Welcome to DBSTalk RobertB! :hi:

MrAkai nailed it - the only way you can view 4 birds is with a SW21 cascaded off of outputs 2, 3, or 4 of a SW64 and with a receiver that has support for the 129 slot. Fortunately for you, the 501 is one of those receivers. But you have to use the SW64.

LadyTalia - there are 2 reasons that I can come up with to do this: In my case I want both east and west CBS-HD channels and the HD-Demo channel. Probably in a more common case, a subscriber wants the Sky Angel channels off of 61.5 and has locals on 148.


----------



## RobertB (Oct 16, 2002)

Thanks for the assist everybody! Mark Lamutt is exactly right about the reason; I am a Sky Angel subscriber with two local stations on the 148 bird. I have been using my 501 to watch 110/119/148, and a 4000 to watch the Sky Angel channels. I have switched the Sky Angel channels over to the 501 and have linked the Dish 500 and 61.5 to it with a SW21. Two more questions: what do I do with the unneeded 4000 and where is the cheapest place to find a SW64? Any chance someone would trade?


----------



## HTguy (May 7, 2002)

I use the 4-sat set-up as described w/SW-21s cascaded from a SW-64. Just be aware that if you want to feed output #1 from the SW-64 to a rcvr the power inserter has to be between the switches. The other 3 ports can be fed direct.

The arrangement works pretty well most of the time but, once in a while, if I change from a 61.5 to 148 channel & occasionally when I 1st power up the rcvr I get a "Problem has been detected with your switch message" and I am prompted to run a switch test.

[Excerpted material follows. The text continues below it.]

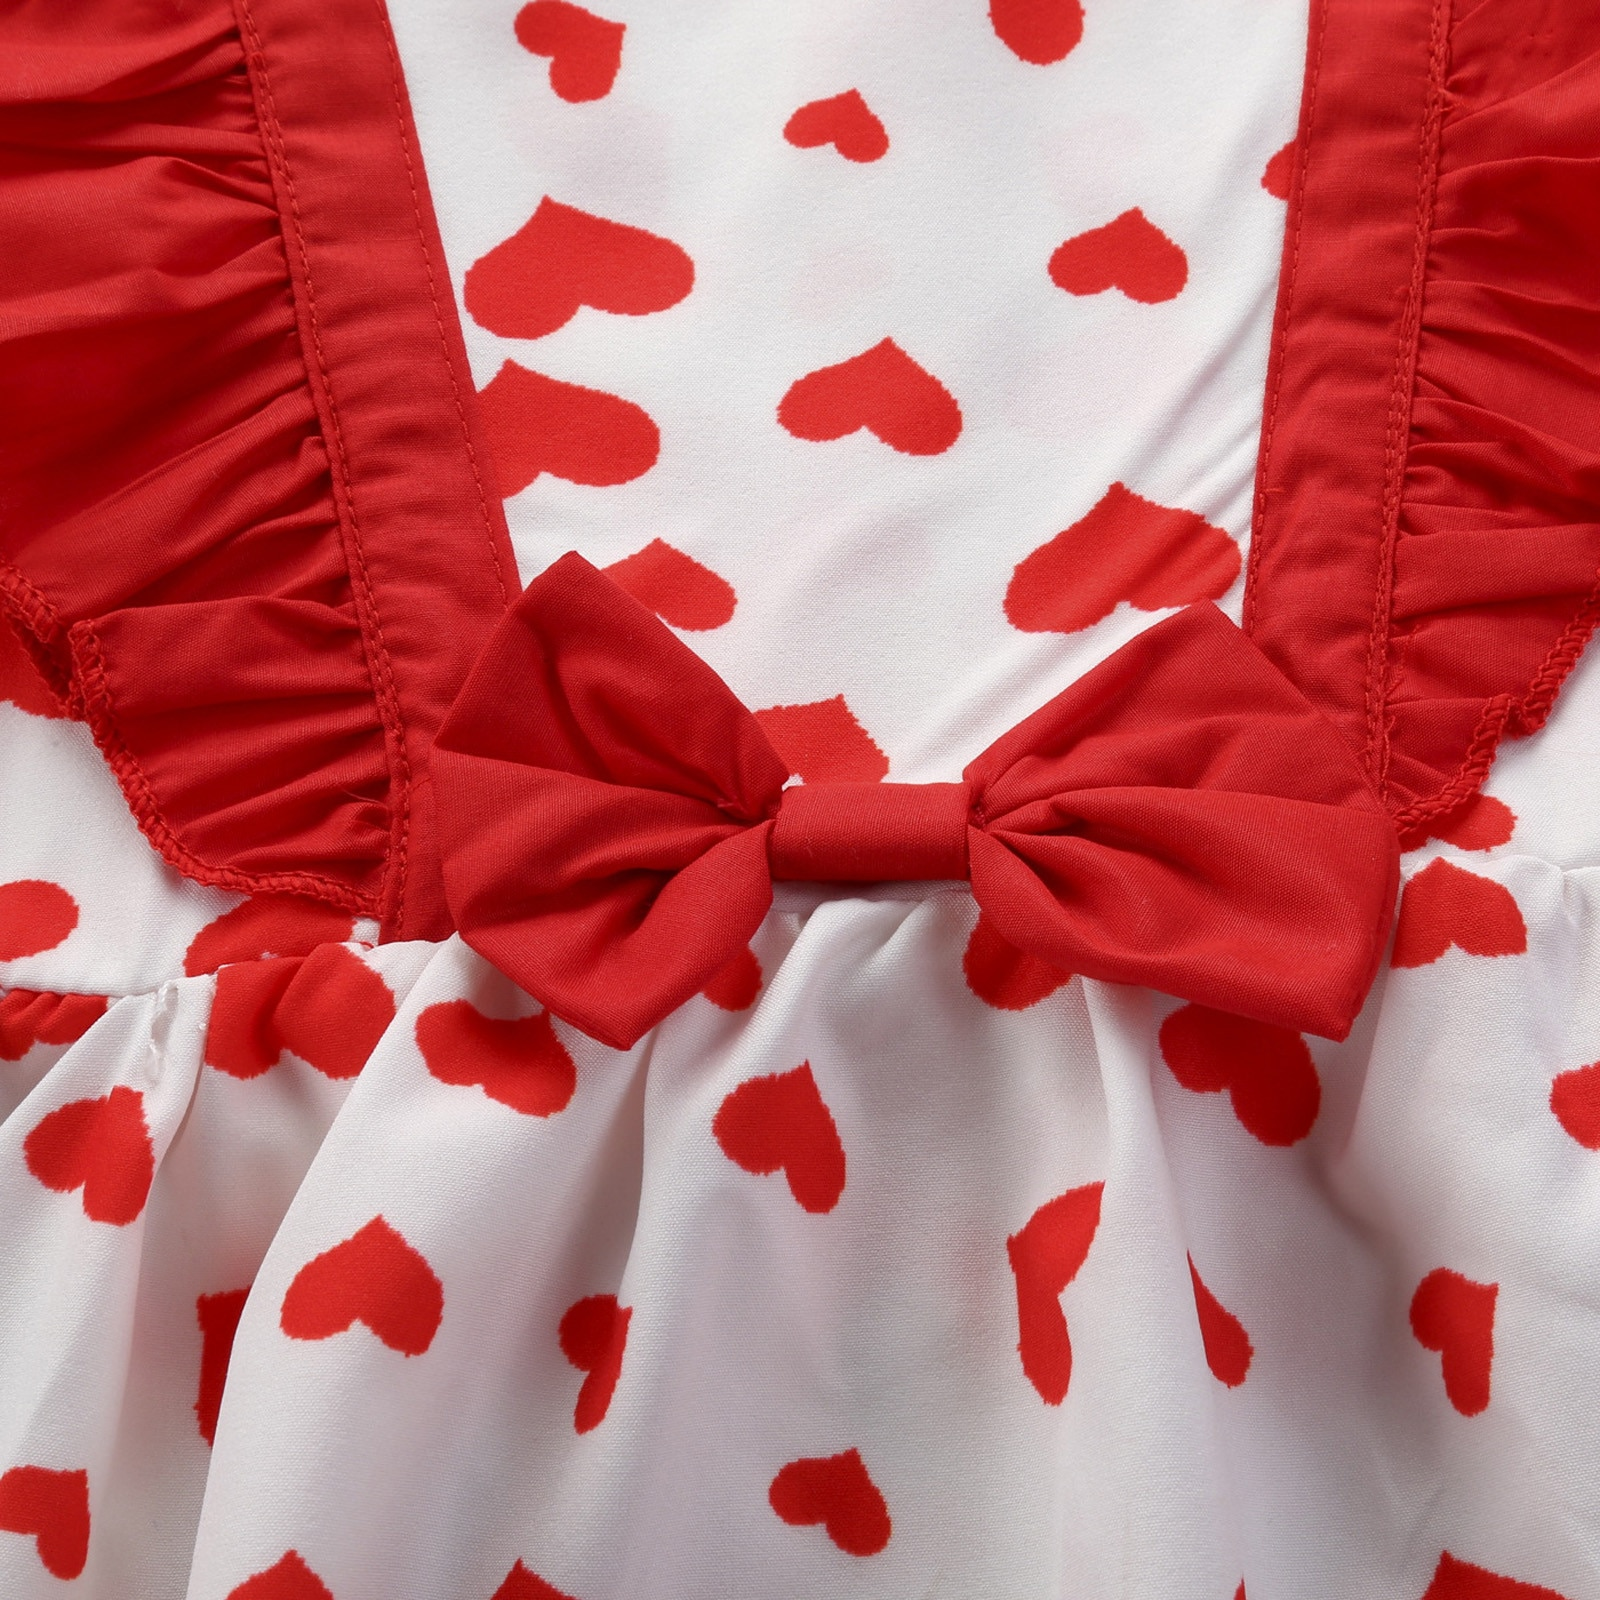 Toddler Kids Baby Girls Sleeveless Bow Love Print Dress Clothes платье для девочки Summer Baby Girl Dress ropa bebe niña

It takes a few minutes to run a 50 point switch test but fortunately I have discovered that if I just go to the PD&S screen & select Sat 119 T11 it locks on the signal & everything is okay.

It doesn't sound like this will be an issue for you but if you receive identical channels from both 61.5 & 148 the rcvr will default to 61.5 & not let you "Channel Up" or "Channel Down" thru the one @148. So you have to turn on the EPG to go up or down or "Recall" back to a non-dupe.


----------